Appointed head coach of the U.S. Men’s National Team in 2020, he led the men’s team to the 2021 FIFA Beach Soccer World Cup in Moscow and the 2024 FIFA Beach Soccer World Cup in Dubai, where they lost 3–2 in extra time to the UAE. Farberoff is statistically the most successful coach of the modern era. In 2023, he led the U.S. to its best-ever single-year record (11-3-0), achieving a program-record .786 win percentage, a +43 goal differential, and 75 goals scored. Winning the 2023 CONCACAF Beach Soccer Championship title (6-0 record in tournament), 5–0 vs. Mexico and a record 11–3 season. He was let go as head coach in 2024.

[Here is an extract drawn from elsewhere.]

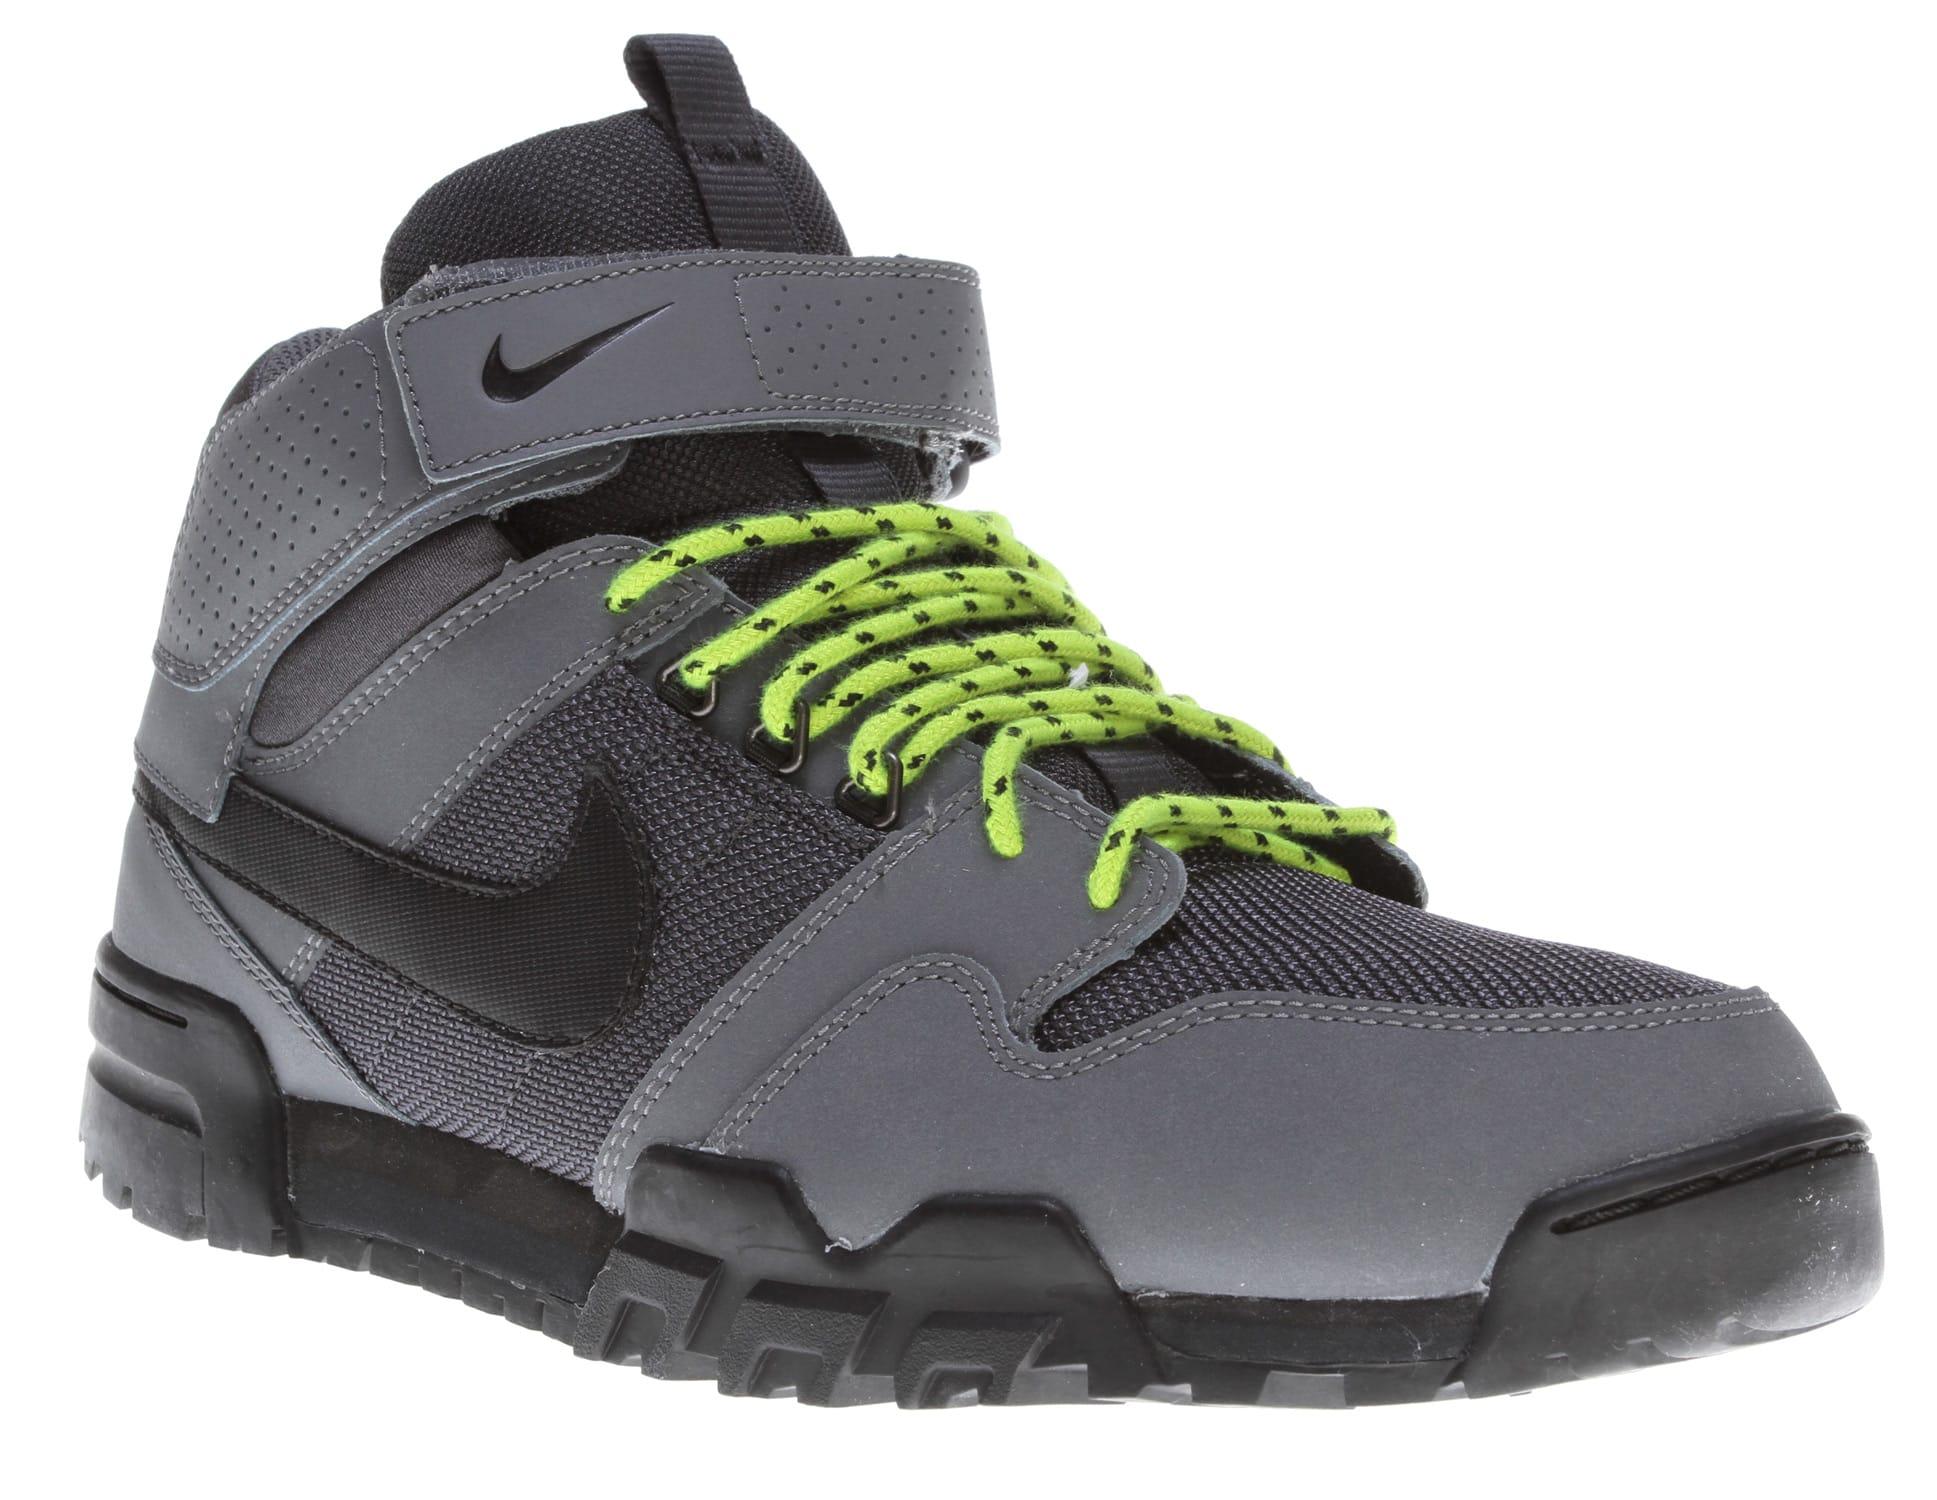 new style 13d72 b9410 Nike Mogan Mid 2 Oms Skate Shoes - thumbnail 2

=== United States (Women's) ===
In addition to his responsibilities with the men's program, Farberoff was an early figure in the launch and development of the United States women's national beach soccer team (Beach WNT). During the program's inaugural campaign in 2019, he served on the coaching staff to help prepare the newly formed squad for its first competitive international fixtures, culminating in a fifth-place finish overall at the 2019 ANOC World Beach Games in Doha, Qatar. He managed the women's tracking pool through late 2023, setting a framework for the program before his overarching tenure with U.S. Soccer concluded in early 2024.

=== Cali BSC ===
Farberoff has served as head coach for Cali BSC in 2023 at the World Winners Cup in Alghero, Italy.

=== Bahamas ===
In 2025, Farberoff became head coach of the Bahamas national beach soccer team, leading them to a fourth-place finish at the 2025 CONCACAF Beach Soccer Championship in Nassau. The team lost to Guatemala in the semifinals before losing 6–2 in the third-place match against the United States.

=== Vasco da Gama ===
Farberoff joined Vasco da Gama as assistant coach for the 2025 season.

=== Other roles ===
Farberoff is a FIFA and CONCACAF beach soccer instructor. In 2016 he managed a practical training course in Panama, organized by the Panamanian Football Federation.

He serves as the president of Futbol-Beach Soccer-Futsal Club (FBS-FC) in Miami.

== Honours ==
=== Player ===
- United States national beach soccer team

CONCACAF Beach Soccer Championship: Winner (2006, 2007, 2013); Bronze (2005, 2008, 2010)

- Club

North American Sand Soccer Championships: Winner (8 times)

Brazilian Beach Soccer Club Championship: Winner – Corinthians

=== Coach ===
- United States national beach soccer team

CONCACAF Beach Soccer Championship: Winner: 2023

=== Individual ===

CONCACAF Beach Soccer Championship MVP: 2006

Veteran category for the National Soccer Hall of Fame 2025, 2026, and 2027 class (finalist).